Reviewed by Shannon Hextrum, MD
Early coma induction for status epilepticus after benzodiazepine therapy shortens duration of status and ICU length of stay.
De Stefano P, Baumann SM, Semmlack S, et al. Safety and Efficacy of Coma Induction Following First-Line Treatment in Status Epilepticus: A Two-Center Study [published online ahead of print, 2021 May 27]. Neurology. 2021;10.1212/WNL.0000000000012292. doi:10.1212/WNL.00000000000122
Read the full article.
Background: The treatment approach for status epilepticus (SE) endorsed by international guidelines recommends benzodiazepines as first-line therapy, followed by additional non-anesthetic antiepileptic medications if seizures continue. Anesthetic agents and induction of coma is recommended after failure of these approaches. There are clinical scenarios that may warrant direct initiation of anesthetic agents and artificial coma after first-line agents have failed in status epilepticus. The risks of deep sedation and artificial coma must be considered as well. This study examines the risks and benefits of artificial coma after first-line antiepileptic therapy in the setting of SE.
Methods: This retrospective design includes data from patients at two Swiss medical centers between January 2017 and December 2018. The definition used for SE was clinical and electrographic seizures longer than 5 minutes duration or multiple seizures without recovery to clinical baseline. Various clinical and demographic data was collected, including etiology, severity and duration of SE, as well as illness severity scores. Patients were excluded from analysis if the primary reason for artificial coma induction/mechanical ventilation was not for SE management. Also excluded were those patients with SE from hypoxic-ischemic brain injury after cardiac arrest. The primary outcomes assessed were return to functional baseline at discharge and inpatient mortality. Secondary outcomes included ICU and hospital length of stay, SE duration and complications arising during SE.

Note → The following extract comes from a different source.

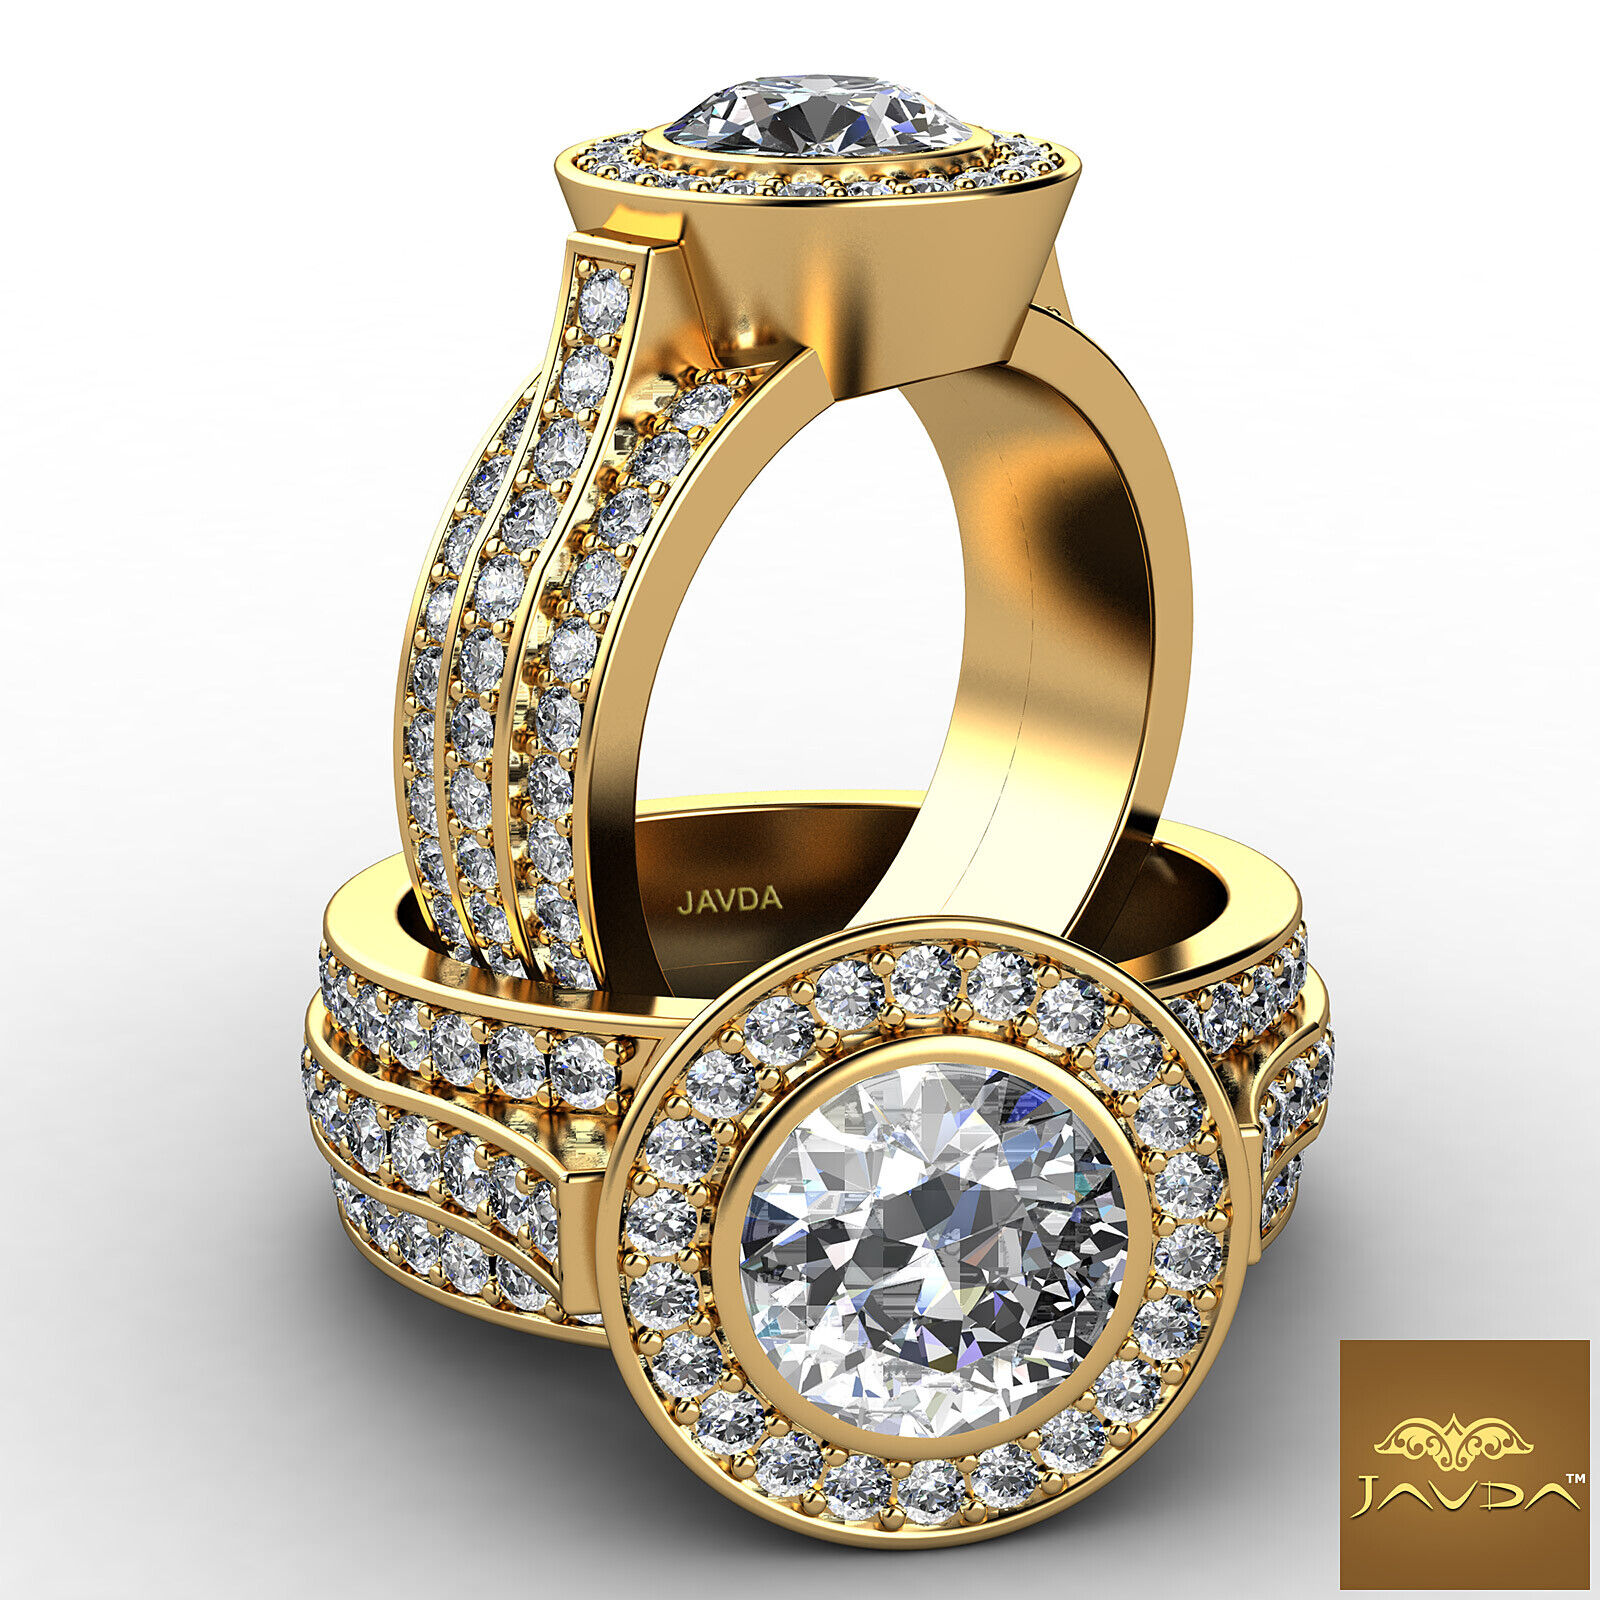 3 Row Shank Shared Prong Round Diamond Engagement Bezel Ring GIA I VS2 3.15 Ct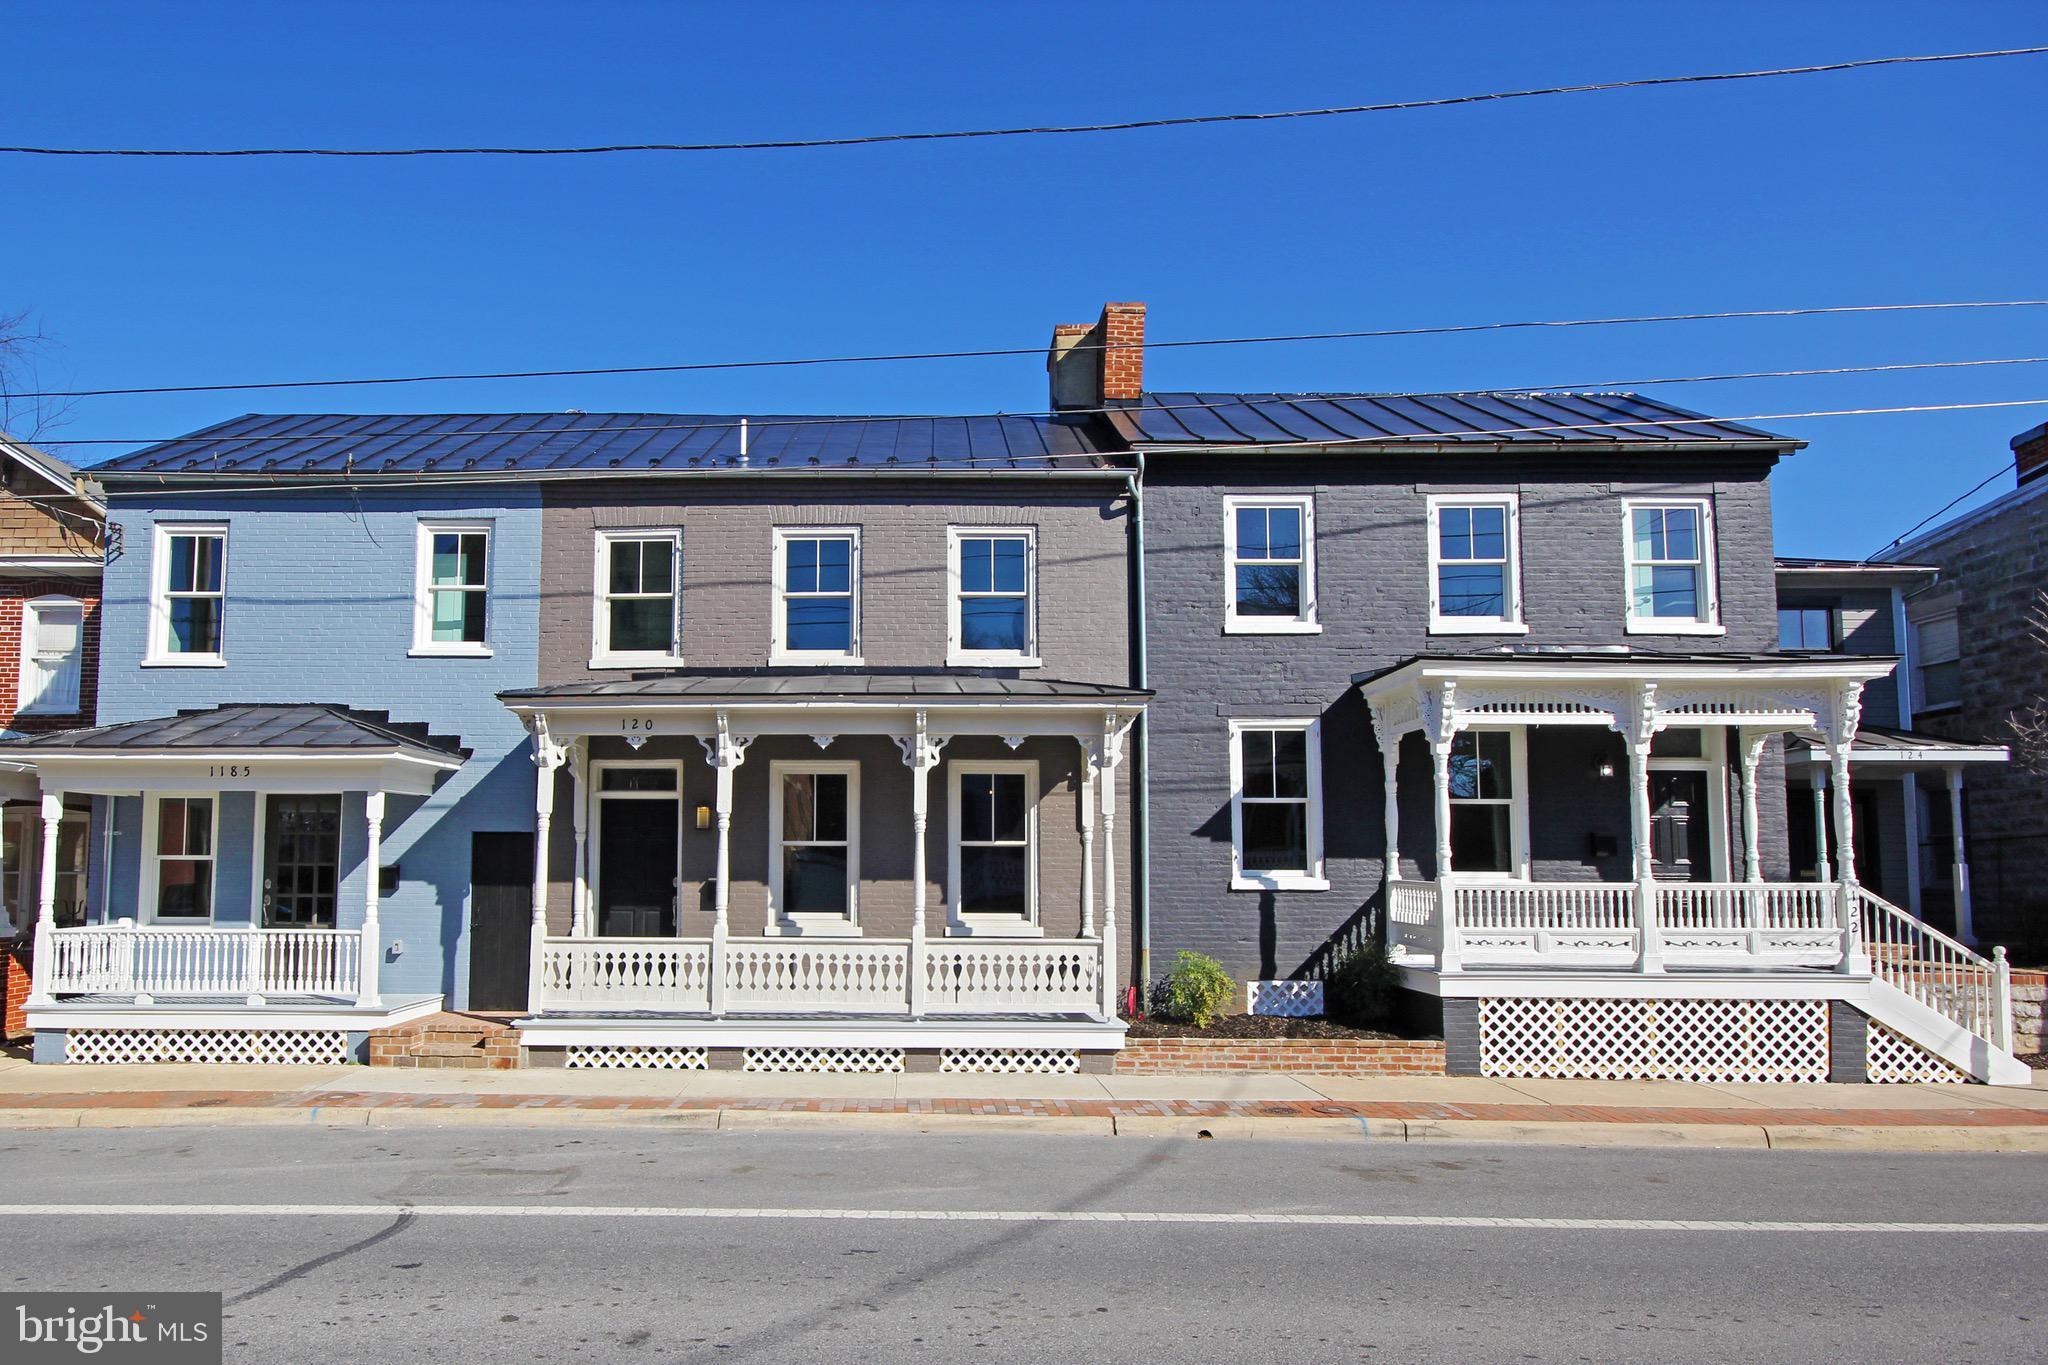 122 E Cork St, Winchester, VA, 22601

Results: 230 patients included in the analysis met criteria for SE, and 205 of those were treated with escalation of therapy after first-line treatment. 56 received artificial coma as the next step, while 149 received non-anesthetic antiepileptic medications (guideline treatment), and 34 of these 149 patients later required artificial coma. Those patients with early escalation after first-line treatment had a younger median age (64 vs. 69), presented more frequently with convulsive seizures, and had a greater severity of SE, as determined by a validated severity score. The primary outcome of inpatient mortality and return to neurologic baseline at discharge was not significantly different between groups. However, early coma induction was correlated with shorter duration of SE and shorter length of stay in ICU and hospital. There was no significant difference in SE complications between treatment groups. Patients in the standard treatment group who went on to require artificial coma were less likely to return to neurologic baseline when compared with the early coma induction group.
Commentary: This study suggests that early and aggressive treatment of SE with coma after first-line antiepileptics is associated with shorter duration of SE and even shorter ICU length of stay. Complications including rates of hypotension requiring vasopressors were not significantly different between treatment groups. However, when comparing all patients receiving induced coma (early coma vs. guideline directed), significantly more patients had hypotension requiring vasopressors when they had been escalated from the guideline treatment group versus those patients with early induced coma. This suggests that if SE is severe enough to ultimately require artificial coma, early treatment with anesthetics is preferable.
Patients in the early coma induction group were more likely to suffer from convulsive SE, and perhaps this type of status is the appropriate condition for such aggressive initial treatment. This result also suggests confounding in the group selected for artificial coma, which may be expected in this observational, retrospective study design. In fact, only one patient in the early coma induction group had SE classified as focal NCSE without coma, while 52 patients in the standard group were classified as such. Another important point about study design is the method by which SE was monitored. Options for EEG included continuous or routine EEGs of at least 30 minutes every 12 hours. The true duration of SE may not be effectively captured with such practice of routine EEGs. Nonetheless, this is a compelling study suggesting that early coma induction after benzodiazepine treatment may be safe and effective in severe, convulsive SE.